Google just shipped the biggest update to its agentic coding platform. Antigravity 2.0, announced at Google I/O 2026 on May 19, is a full rebuild — not an incremental update. It bundles a desktop IDE, a Go-based CLI, and an SDK for custom agents into a single platform powered by Gemini 3.5 Flash running at 289 tokens per second.
If you’ve been using Gemini CLI, this is its replacement. If you’ve been comparing Claude Code vs Codex CLI vs Gemini CLI, the landscape just shifted again.
Here’s everything you need to know about Google Antigravity 2.0 — what it does, how to set it up, what it costs, and how it stacks up against the competition.
What’s New in Antigravity 2.0 vs the Original
When Google first launched Antigravity (our original review), it was primarily a desktop coding assistant. Version 2.0 is a fundamentally different product:
- Three-component architecture: Desktop App + CLI + SDK instead of a single app
- Agent-first design: Multiple AI agents work simultaneously on subtasks rather than a single assistant responding to prompts
- Gemini 3.5 Flash: A 12x optimized version of Flash built specifically for Antigravity, outputting at 289 tok/s
- Managed agent API: The Antigravity agent is available as a single API call on the Gemini API — it reasons, executes code, manages files, and browses the web in a secure Linux sandbox
- Compute-based usage: No more daily prompt limits. Usage is compute-based and refreshes every 5 hours
- Cross-platform: Available on macOS, Linux, and Windows
The shift from “assistant” to “agent” is the key difference. Antigravity 2.0 doesn’t wait for you to tell it what to do next — it plans, executes, and verifies autonomously.

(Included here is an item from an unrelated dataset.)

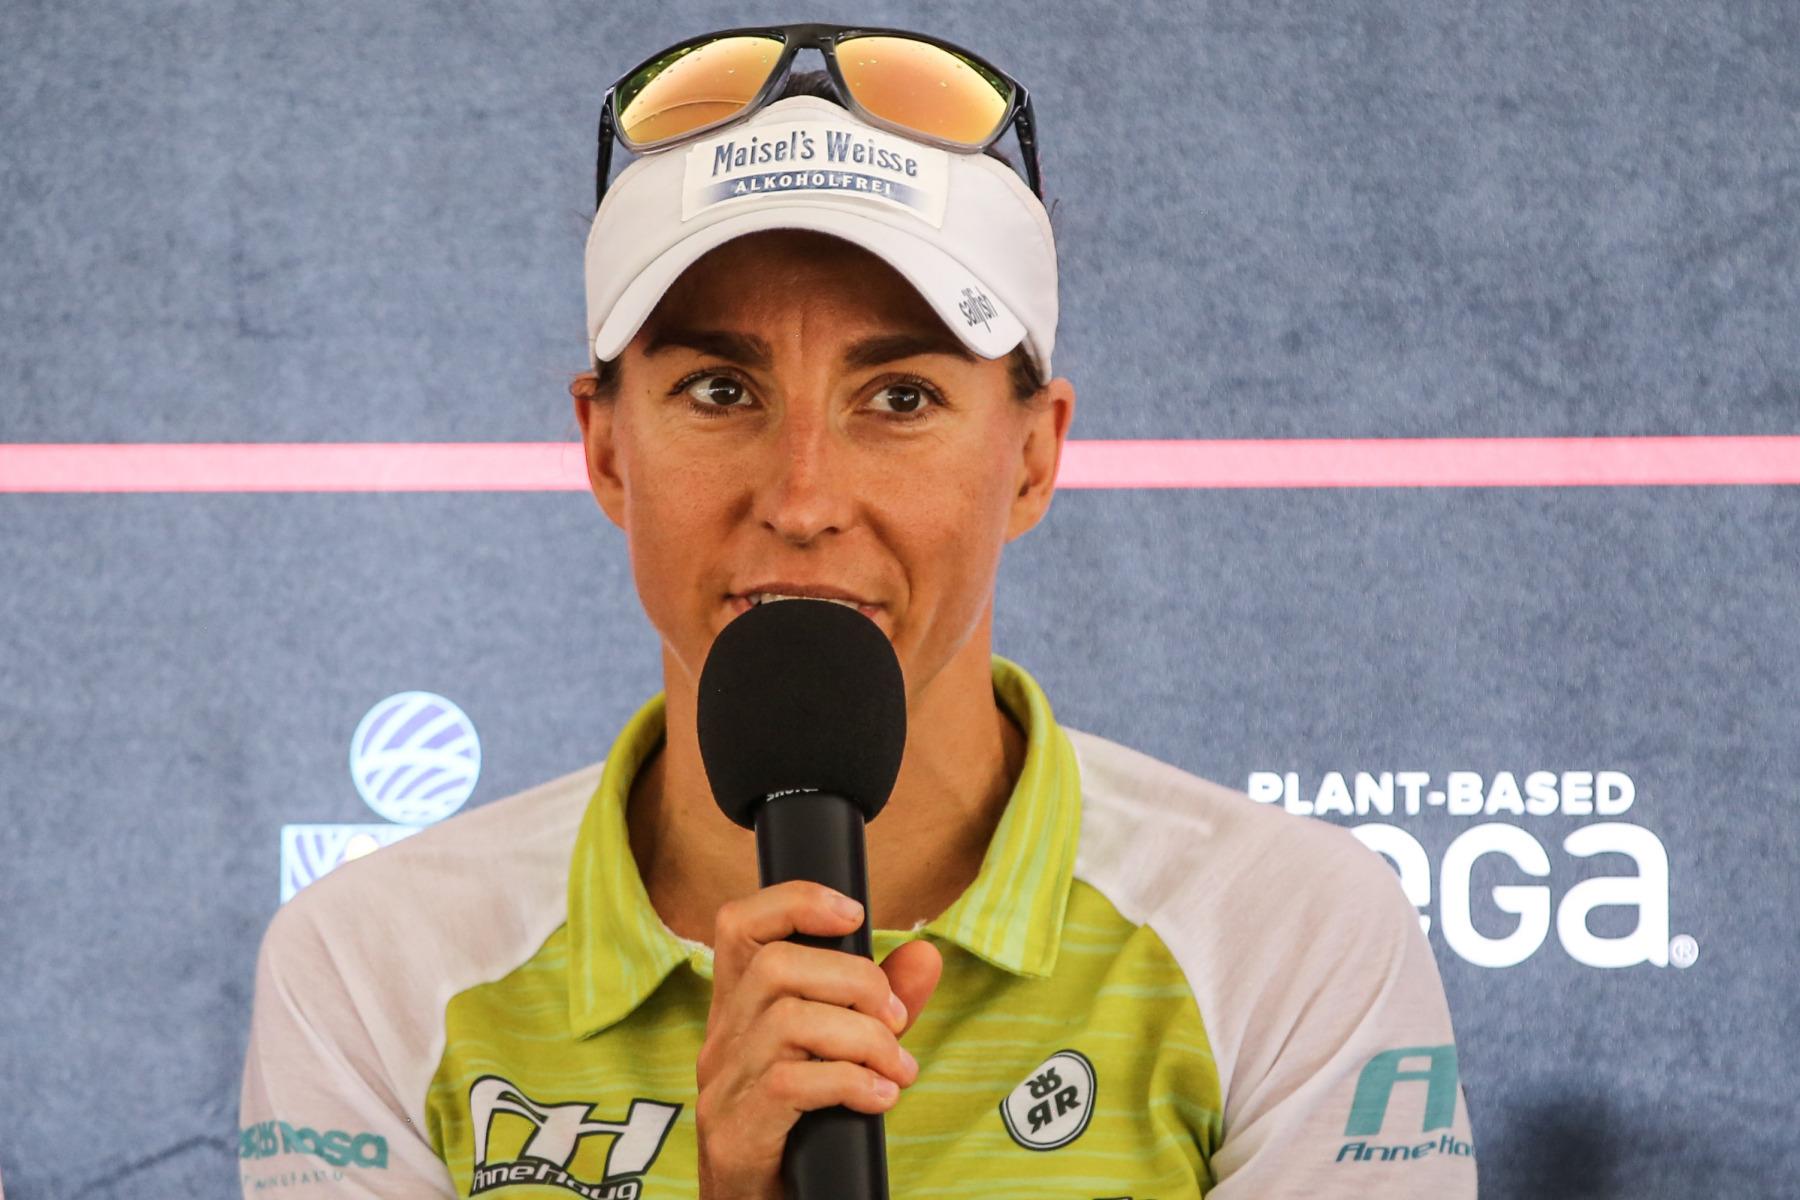 """Anne Haug (3. Platz 2018): """"Das Rennen in Kopenhagen hat mich nach der schwierigen Saison selbst überrascht. Ich bin selbstbewusst und habe Vertrauen in meine Leistung, aber die Rennen lassen sich nicht vergleichen. Hawaii ist speziell mit den Bedingungen und dieser starken Konkurrenz."""""""

The Three Components of Antigravity 2.0
1. Desktop App (VS Code Fork)
The Antigravity Desktop App is a fork of VS Code with deep agent integration. It’s not just an extension — the entire editor is built around the agent workflow. You describe a task, and the agent system takes over: planning the approach, writing code, running tests, and iterating until the task is complete.
The desktop app is the most visual way to interact with Antigravity. You get real-time visibility into what each agent is doing, can approve or reject changes, and maintain full control over your codebase.
2. Antigravity CLI
The Antigravity CLI is built in Go and designed for terminal-native developers who don’t want to leave their existing editor setup. It provides the same agent capabilities as the desktop app but through a command-line interface.
This is the direct successor to Gemini CLI. If you were using Gemini CLI with subagents, the Antigravity CLI takes that concept much further with its multi-agent architecture.
Key CLI features:
- Full agent capabilities (plan, execute, verify)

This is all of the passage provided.